Antes de que la nación-estado y la lucha de clases sustituyeran, en el contexto del idealismo europeo, al papel que antes había tenido el cristianismo, un autor se adelantó a la crisis de individuos y colectivos sobre el abismo entre lo que somos y lo que queremos ser, e influyó tanto en Schopenhauer como en Nietzsche pese a escribir dos siglos antes que ellos: el aragonés Baltasar Gracián.

Gracián es una figura del siglo XVII, en pleno barroco español, la antesala de la Ilustración y el despotismo ilustrado, cuando el declive de la España de los austrias coincide con el dominio artístico e intelectual de Iberia. 

Schopenhauer y luego Nietzsche convivieron en el convulso siglo XIX, cuando el despotismo ilustrado había roto sus costuras y la idea moderna de “pueblo” se abría paso. 

En el siglo XIX, “el pueblo” aceptó la misión que autores como Friedrich Hegel habían aventurado para éste, y tanto Schopenhauer como Nietzsche, desconfiados del gregarismo, tuvieron que navegar a contracorriente: tanto nacionalismo como marxismo se impusieron entre la intelectualidad desde mediados del XIX a la primera mitad del XX, hasta bien entrado el existencialismo, que recogía los pedazos, individuales y colectivos, de los experimentos idealistas.

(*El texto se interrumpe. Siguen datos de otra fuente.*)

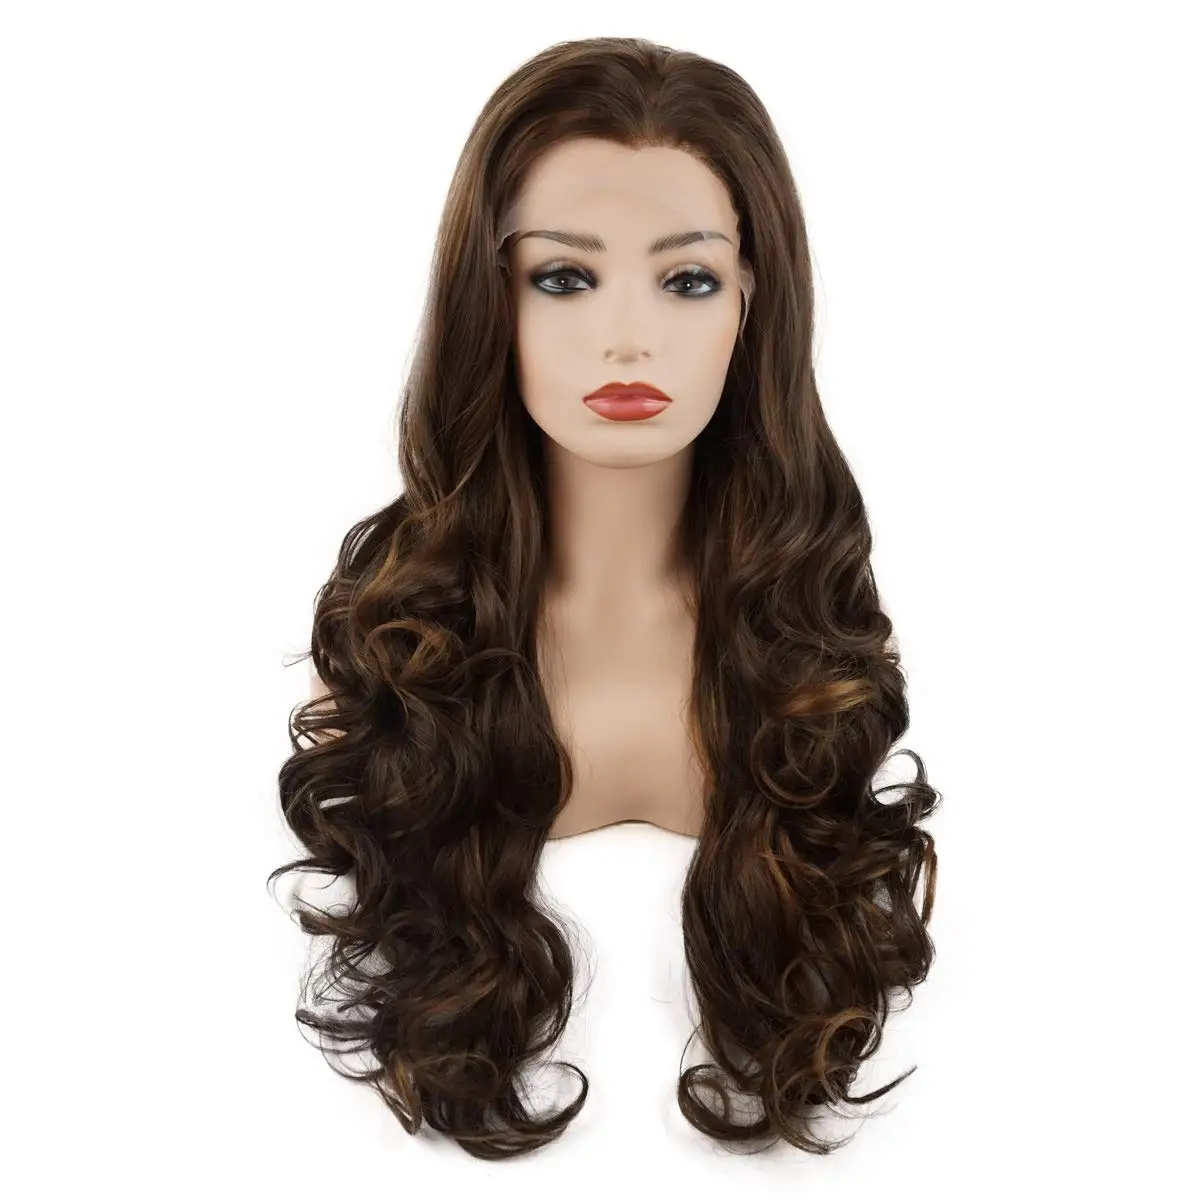 

Jeelion Hair Wavy Long 26inch Brown Blonde Mix Half Hand Tied Heavy Density Realistic Synthetic Lace Front Wigs

Las consecuencias de fórmulas idealistas colectivas

Artísticamente, estos pedazos surgidos del trauma de los maximalismos se materializaron en obras como La tierra baldía (poesía, T.S. Eliot; sobre la pérdida humana y de inocencia de la I Guerra Mundial), Ulysses (novela, James Joyce) o el cubismo (pintura): el perspectivismo reivindicado antes por Nietzsche se abría paso como expresión artística.

Friedrich Nietzsche enloqueció antes de que su hermana -encargada de custodiar y difundir su obra-, tergiversara buena parte de su mensaje y de que los que él había identificado como seguidores de la misma mentalidad de rebaño (o de “esclavo”: del dualismo cristiano, nacionalismo y materialismo dialéctico) que el cristianismo, se apropiaran de muchas de sus ideas y citaran sus obras. 

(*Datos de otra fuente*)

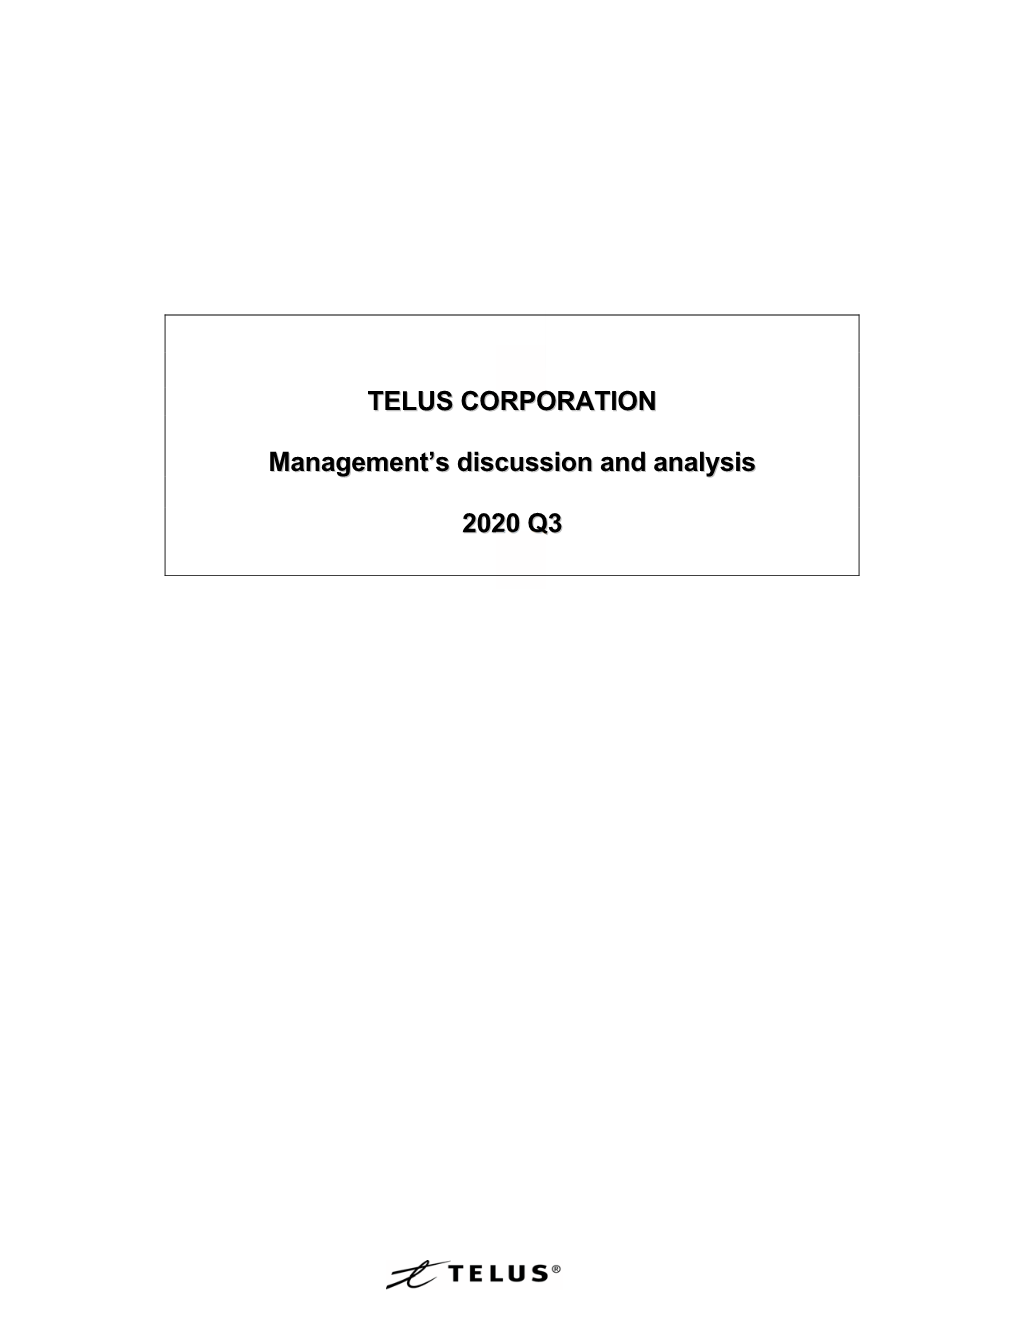 TELUS CORPORATION Management's Discussion And

Nietzsche había comprendido que, con la Ilustración, el cristianismo entraba en su crisis definitiva y sería sustituido por una institución (la Ilustración, representada por el dualismo cartesiano y el idealismo ontológico -con aspiración matemática- de Hegel y sus seguidores, Marx entre ellos): la “misión” del pueblo, en tanto que nación o clase, en función del marco-ideología.

Los relatos que sustituyeron al cristianismo

El filósofo alemán comprendió que Europa, y sobre todo la Europa que él amaba -esa amalgama cultural a medio caballo entre el acervo latino de la Época Clásica y su atomizada deriva hacia culturas romances y germánicas, a través primero del Sacro Imperio y, después, del próspero corolario de la Europa de los Habsburgo (Franco Condado, sur de la actual Alemania, Austria, Suiza, norte de Italia)-, perdería para siempre su aspiración cosmopolita, paneuropea y universal una vez avanzaran:

  • por un lado, la consolidación de una idea fuerte (y, por tanto, rígida, que se toparía con contradicciones y debería perseverar en una noción de “pureza” que encontraría enemigos y chivos expiatorios) de nación-estado, en Alemania e Italia;
  • por otro lado, el ascenso imparable del otro gran idealismo que parte del dualismo cartesiano y del idealismo de Hegel: la lucha de clases y la convicción de que, usando la ciencia, “el pueblo” puede alcanzar una utopía.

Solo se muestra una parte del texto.